**What you should do**. Could the listing below be returned exactly, with its pictures left out?

**Supplied material**.

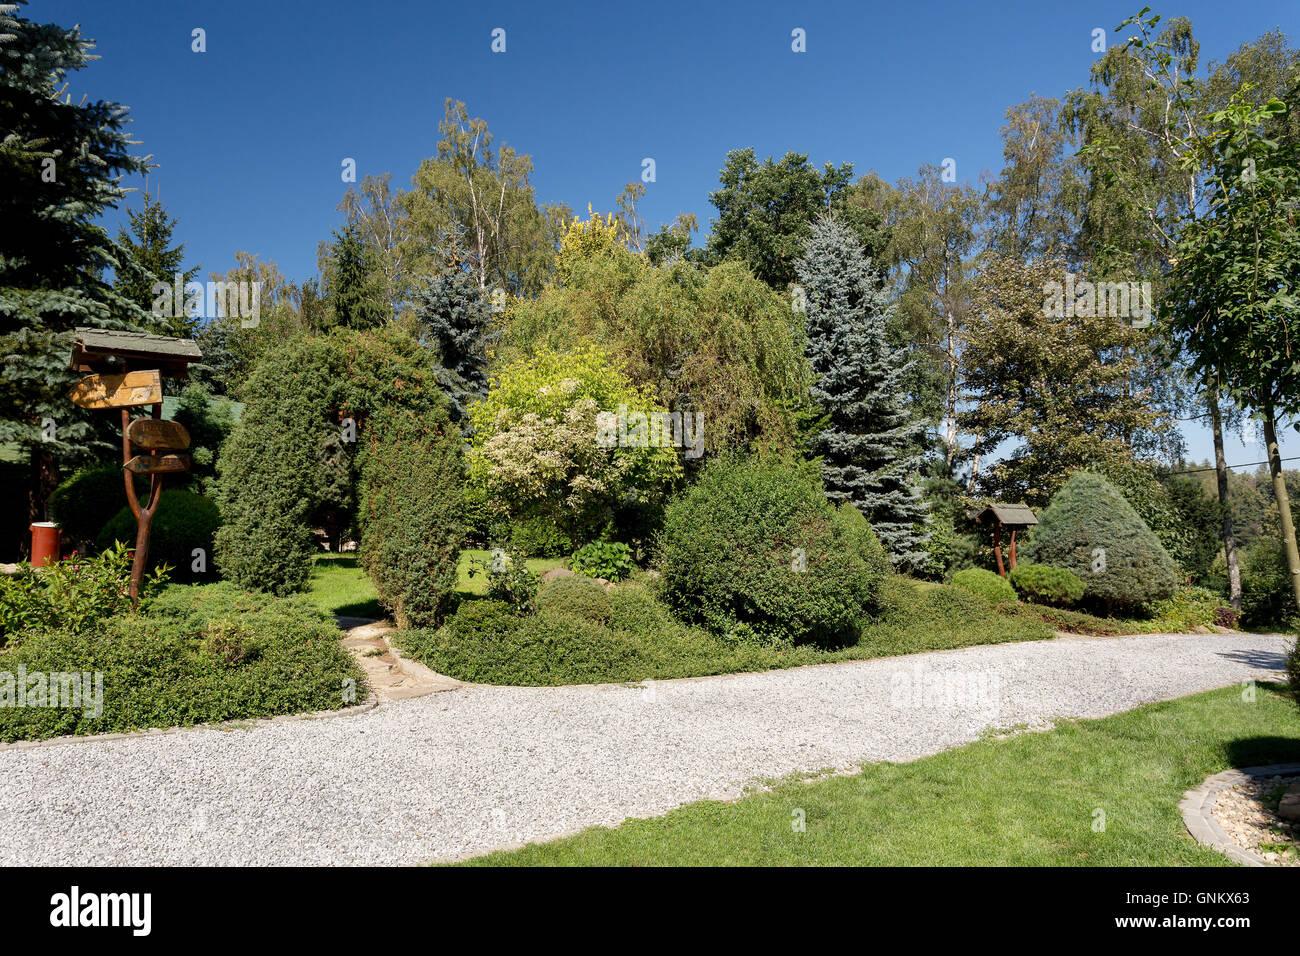 Luxus garten  Schönen Sommer Gartengestaltung mit Nadelbaum Bäume, grüne Gras- und ...
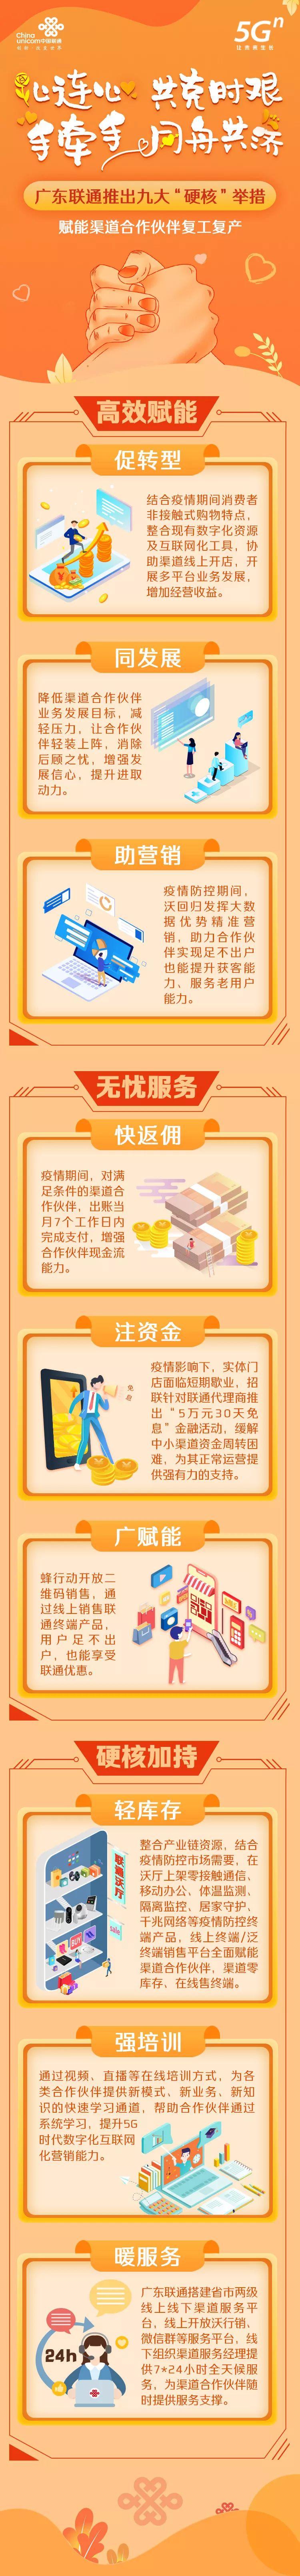 助力复工复产丨澳门太阳神集团网站联通推出九大
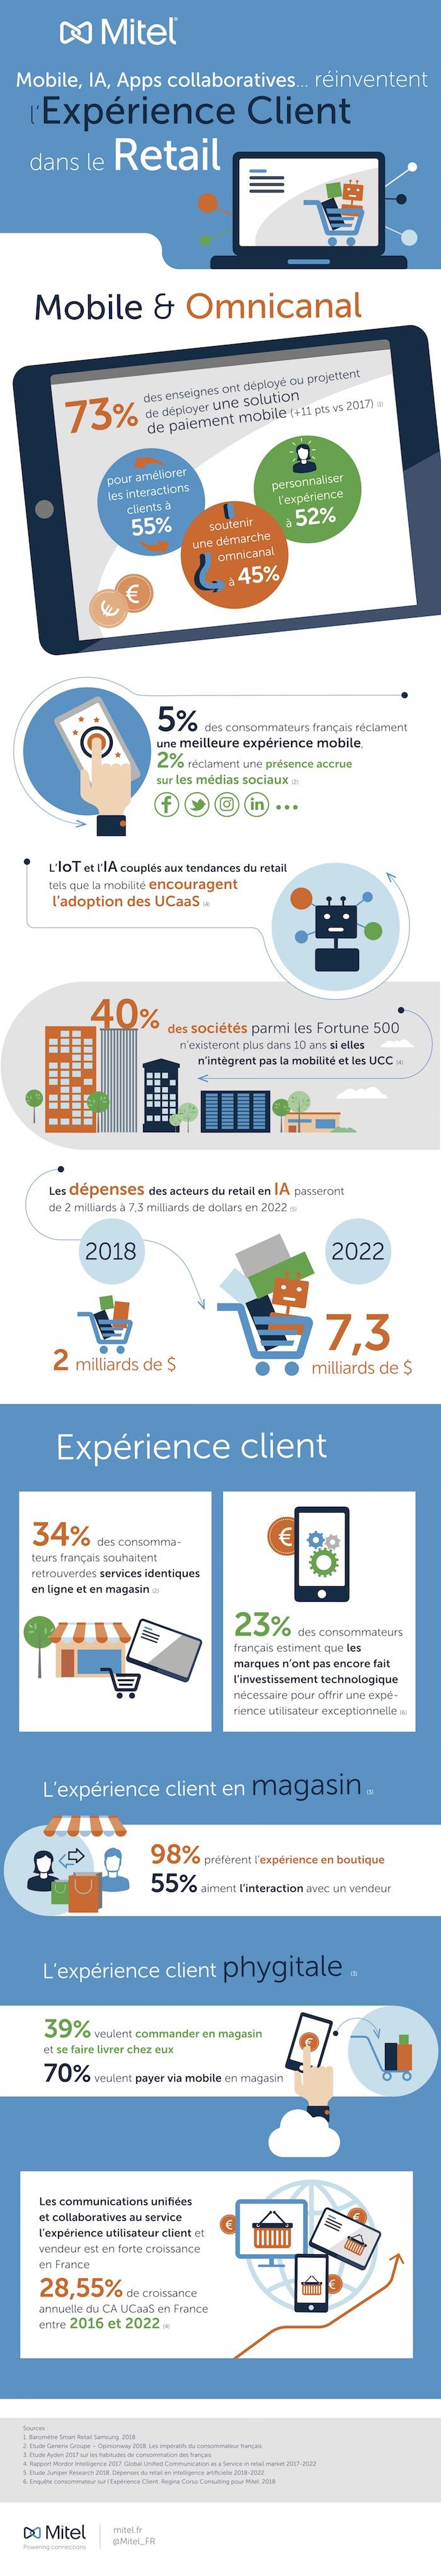 Infographie Mitel_Mobile, IA, apps collaboratives réinventent l'expérience client dans le Retail

**Solution to the problem**.
 Luxus garten  Schönen Sommer Gartengestaltung mit Nadelbaum Bäume, grüne Gras- und ...
 助力复工复产丨澳门太阳神集团网站联通推出九大
 Infographie Mitel_Mobile, IA, apps collaboratives réinventent l'expérience client dans le Retail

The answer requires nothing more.